Search code examples
machine-learningpytorchhuggingface-transformerslanguage-model

How to get the vector embedding of a token in GPT?


I have a GPT model

model = BioGptForCausalLM.from_pretrained("microsoft/biogpt").to(device)

When I send my batch to it I can get the logits and the hidden states:

out = model(batch["input_ids"].to(device), output_hidden_states=True, return_dict=True)
print(out.keys())
>>> odict_keys(['logits', 'past_key_values', 'hidden_states'])

The logits have shape of

torch.Size([2, 1024, 42386])

Corresponding to (batch, seq_length, vocab_length)

How can I get the vector embedding of the first (i.e., dim=0) token in the last layer (i.e., after the fully connected layer)? I believe it should be of size [2, 1024, 1024]

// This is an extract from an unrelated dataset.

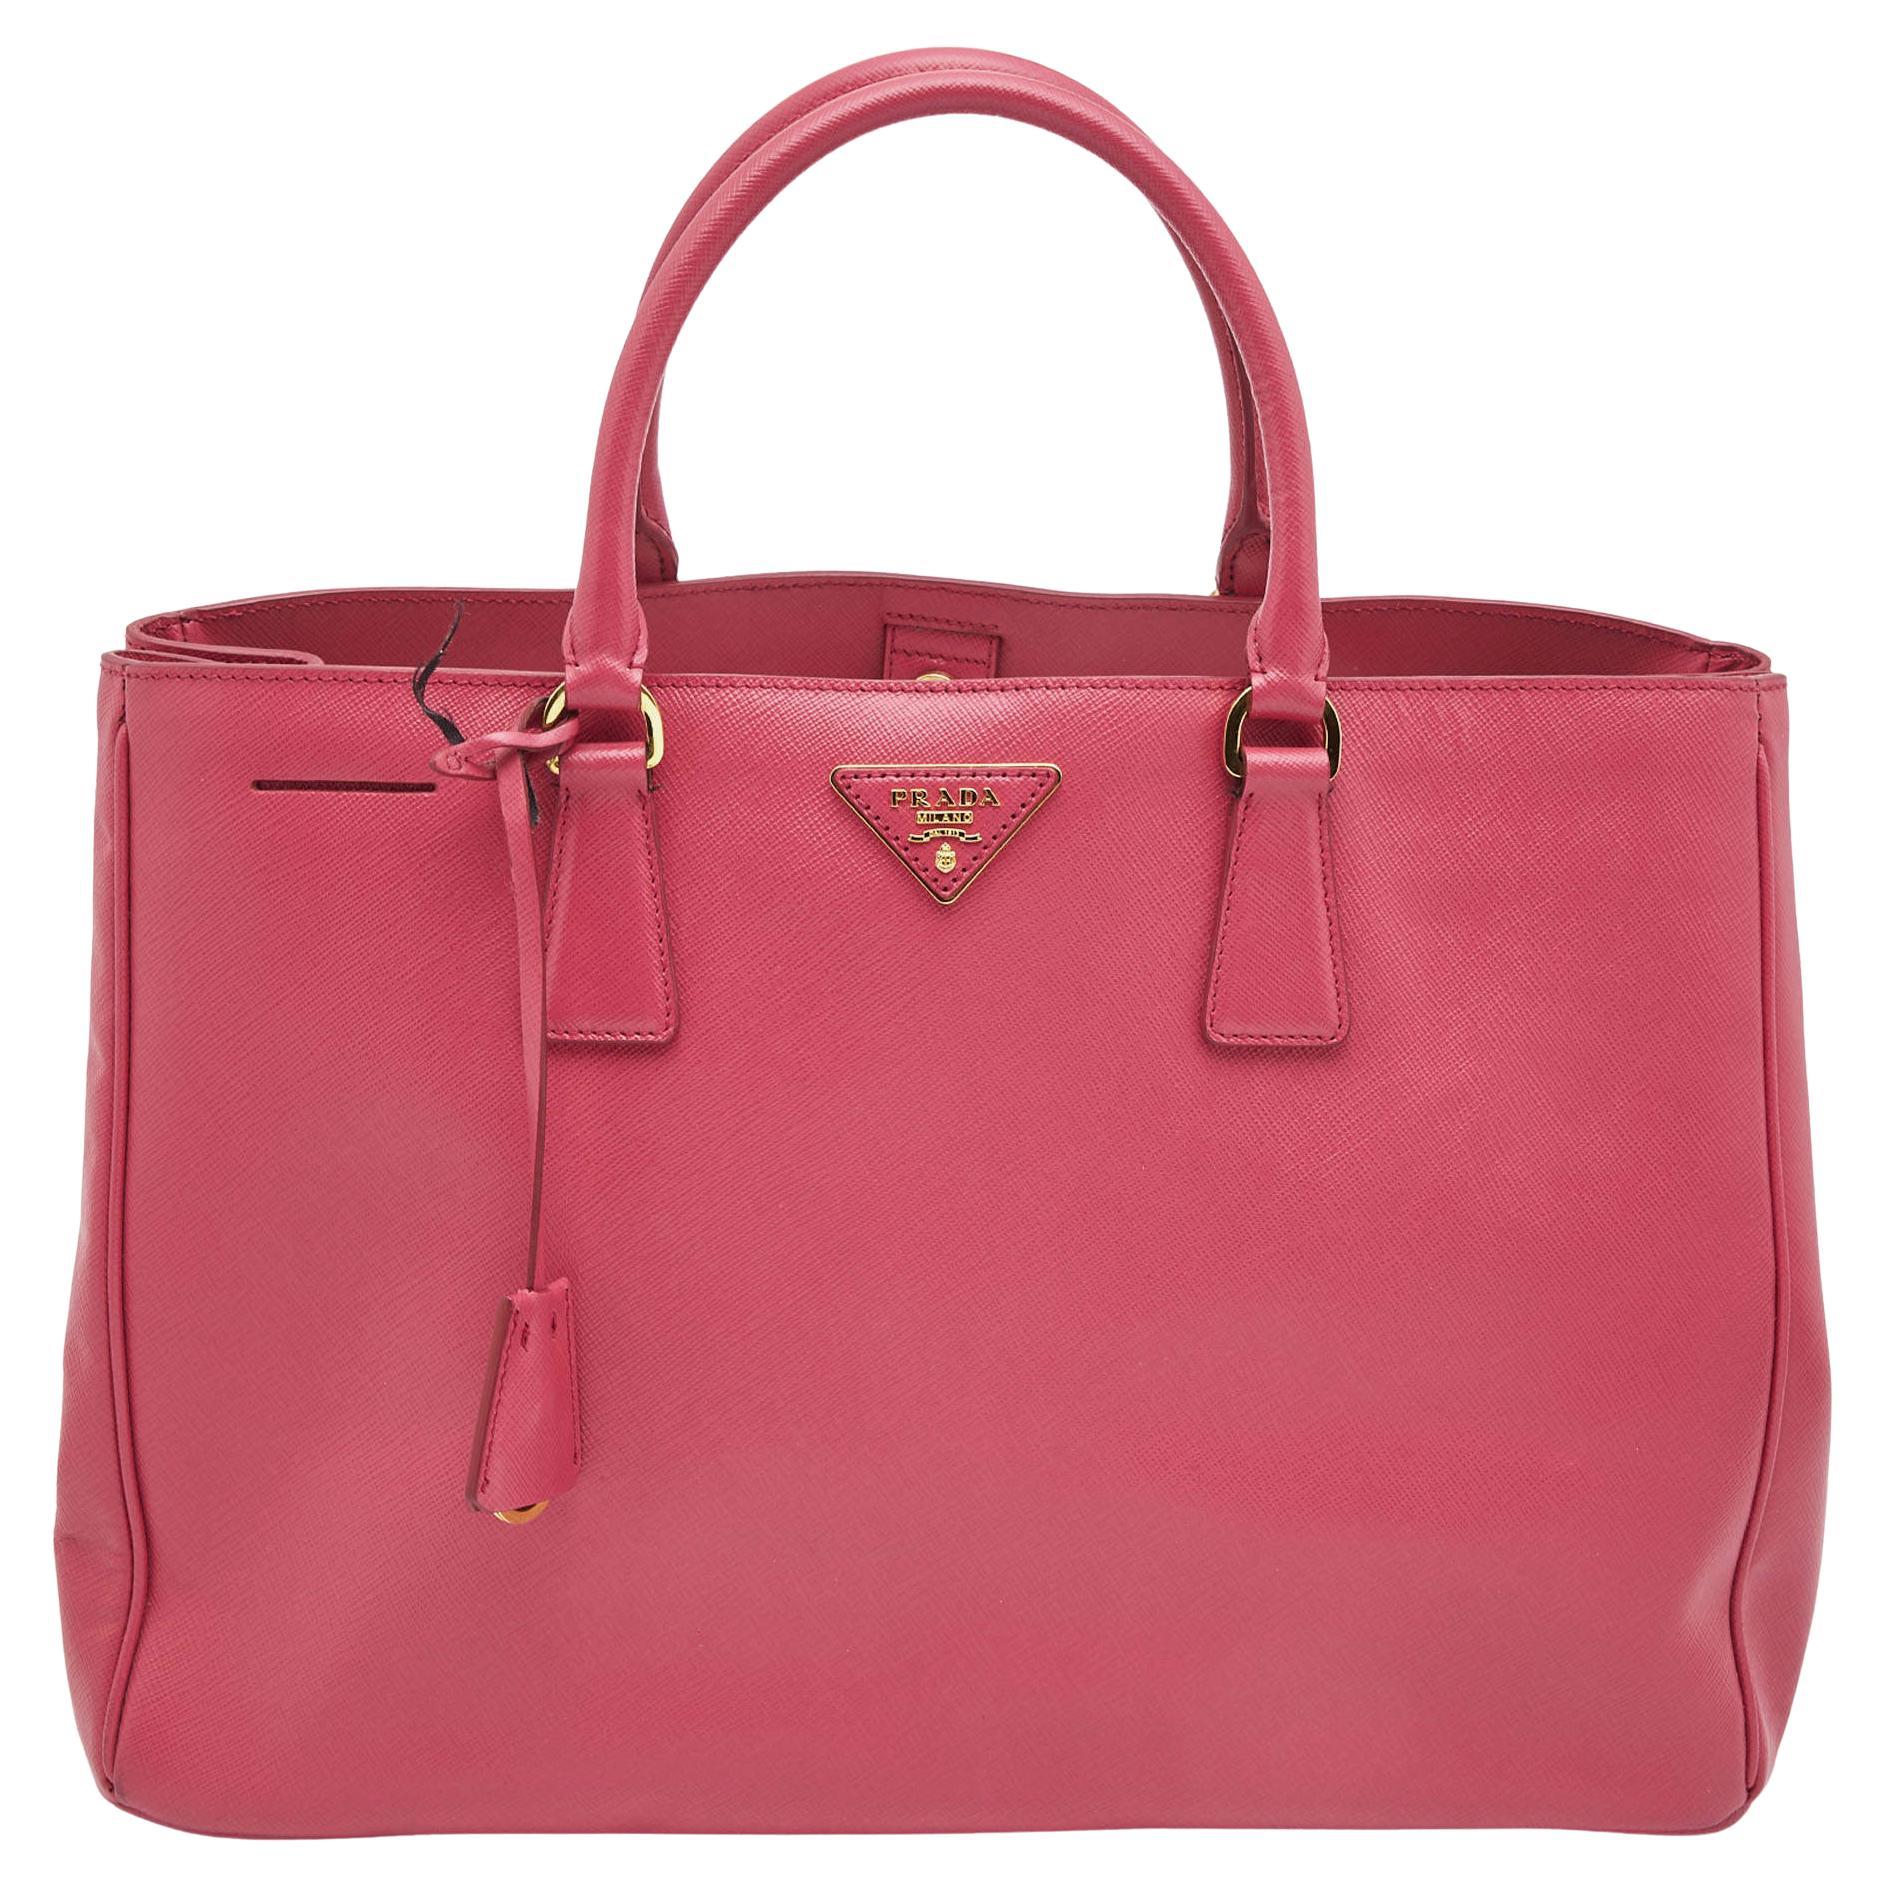 Preowned Authentic Prada 2WAY Mini Boston Pink Bag

From here it seems like it should be under last_hidden_state, but I can't seem to generate it. out.hidden_states seems to be a tuple of length 25, where each is of dimension [2, 1024, 1024]. I'm wondering if the last one is the one I'm looking for, but I'm not sure.


Solution

  • You are right with output_hidden_state=True and watching out.hidden_states. This element is a tuple of length 25 as you mentioned. According to BioGPT paper and HuggingFace doc, your model contains 24 transformer layers, and the 25 elements in the tuple are the first embedding layer output and the outputs of each of the 24 layers.

    The shape of each of these tensors is [B, L, E] where B is your batch size, L is the length of the input and E is the dimension of your embedding. It seems that you are padding your input to 1024 regarding the shape you indicated. So, the representation of your first token (in the first batched sentence) would be out.hidden_states[k][0,0,:], which is of shape [1024]. Here, k denotes the layer you want to use and it is up to you to decide which one you want depending on what you will do with it.